Only configuration we are passing is to disable streaming option

from spark_expectations.config.user_config import Constants as user_config

stats_streaming_config_dict = {
    user_config.se_enable_streaming: False
}

user_config = {}

Run SparkExpectations job

Please reference Spark Expectation notebooks for fully functioning examples.

Note

Spark-Expectation repository itself provides docker compose yaml file for running those notebooks.

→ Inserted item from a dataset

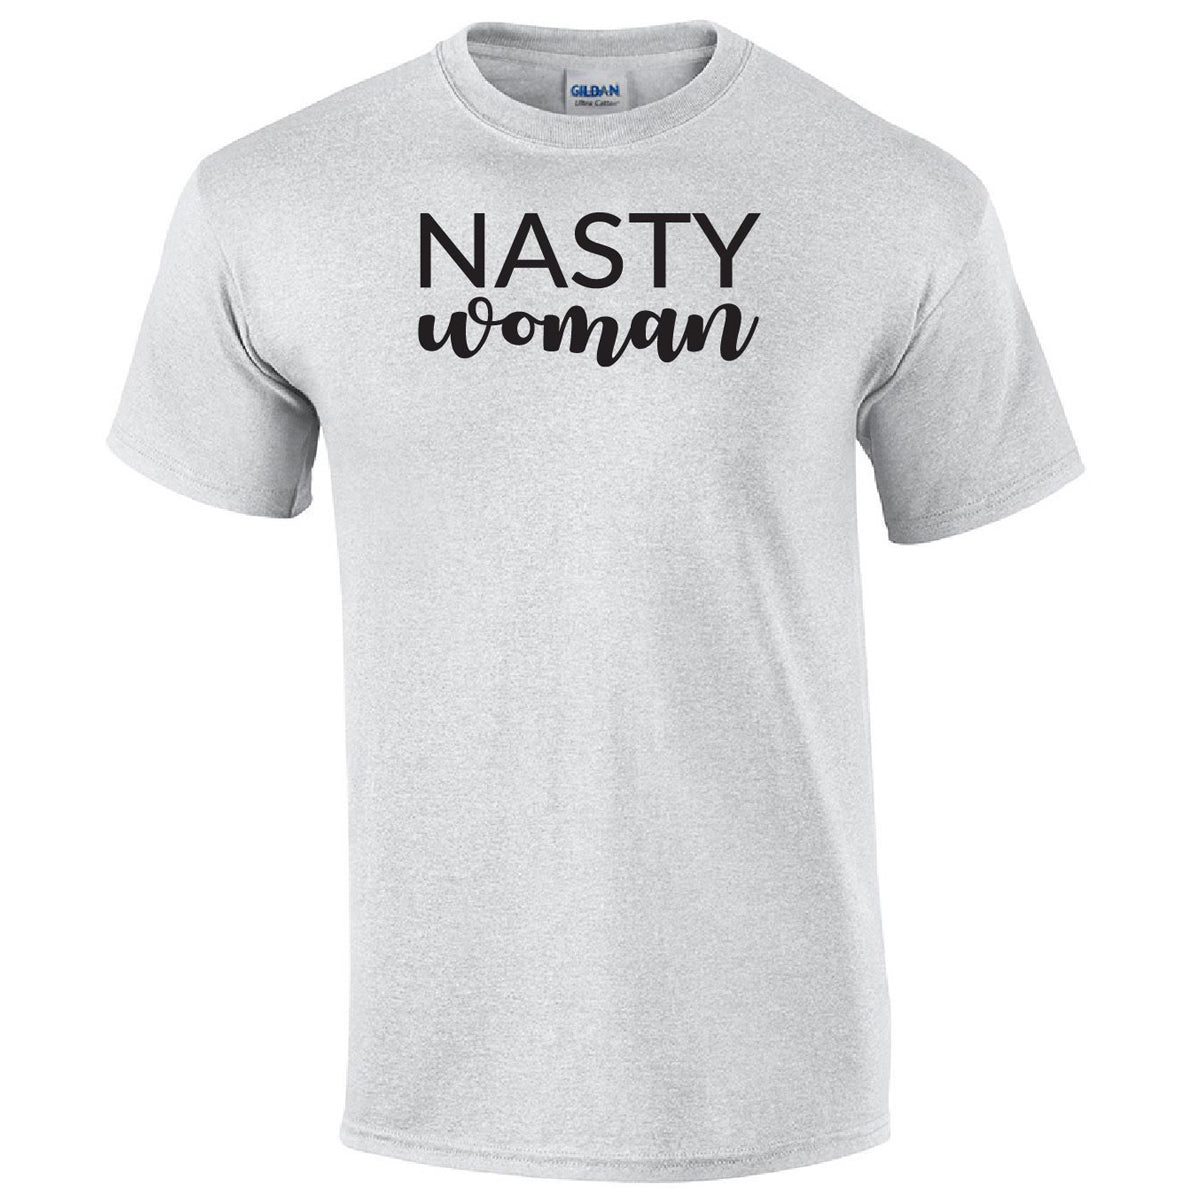 Nasty Woman Printed Tee Humorous Shirt 411 Youth Medium Ash Youth

    # Generate self signed certs for mailpit server
    make generate-mailserver-certs 

    # running following makefile target will spin up spark, jupyter, mailpit and kafka service
    make local-se-server-start ARGS="--build"` 
from pyspark.sql import DataFrame
from spark_expectations.core.expectations import (
    SparkExpectations, WrappedDataFrameWriter
)

from spark_expectations.core import load_configurations
# Initialize Default Config: in a future release this will not be required 
load_configurations(spark) 

writer = WrappedDataFrameWriter().mode("append").format("delta")

se = SparkExpectations(
    product_id=f"{product_identifier}",                   # (1)!
    rules_df=rules_dataframe,                             # (2)!
    stats_table=f"{catalog}.{schema}.{stats_table_name}", # (3)!
    stats_table_writer=writer,                            # (4)!
    target_and_error_table_writer=writer,                 # (5)!
    stats_streaming_options=stats_streaming_config_dict   # (6)!
)

"""
This decorator helps to wrap a function which returns dataframe and apply dataframe rules on it

Args:
    target_table: Name of the table where the final dataframe need to be written
    write_to_table: Mark it as "True" if the dataframe need to be written as table
    write_to_temp_table: Mark it as "True" if the input dataframe need to be written to the temp table to break
                        the spark plan
    user_conf: Provide options to override the defaults, while writing into the stats streaming table
    target_table_view: This view is created after the _row_dq process to run the target agg_dq and query_dq.
        If value is not provided, defaulted to {target_table}_view
    target_and_error_table_writer: Provide the writer to write the target and error table,
        this will take precedence over the class level writer

Returns:
    Any: Returns a function which applied the expectations on dataset
"""


@se.with_expectations(
    target_table=f"{catalog}.{schema}.{target_table_name}",
    write_to_table=True,
    write_to_temp_table=True,
    user_conf=user_config,
)
def get_dataset():
    _df_source: DataFrame = input_df
    _df_source.createOrReplaceTempView("in_memory_data_source")
    return _df_source


# This will run the DQ checks and raise if any "fail" rules are violated
get_dataset()
  1. The unique product identifier for DQ execution.
  2. DataFrame containing the rules to apply.
  3. Name of the stats table for logging results.If it doesn't exist it will be generated
  4. Writer object for the stats table.
  5. Writer object for target and error tables.
  6. Dictionary of streaming options for stats.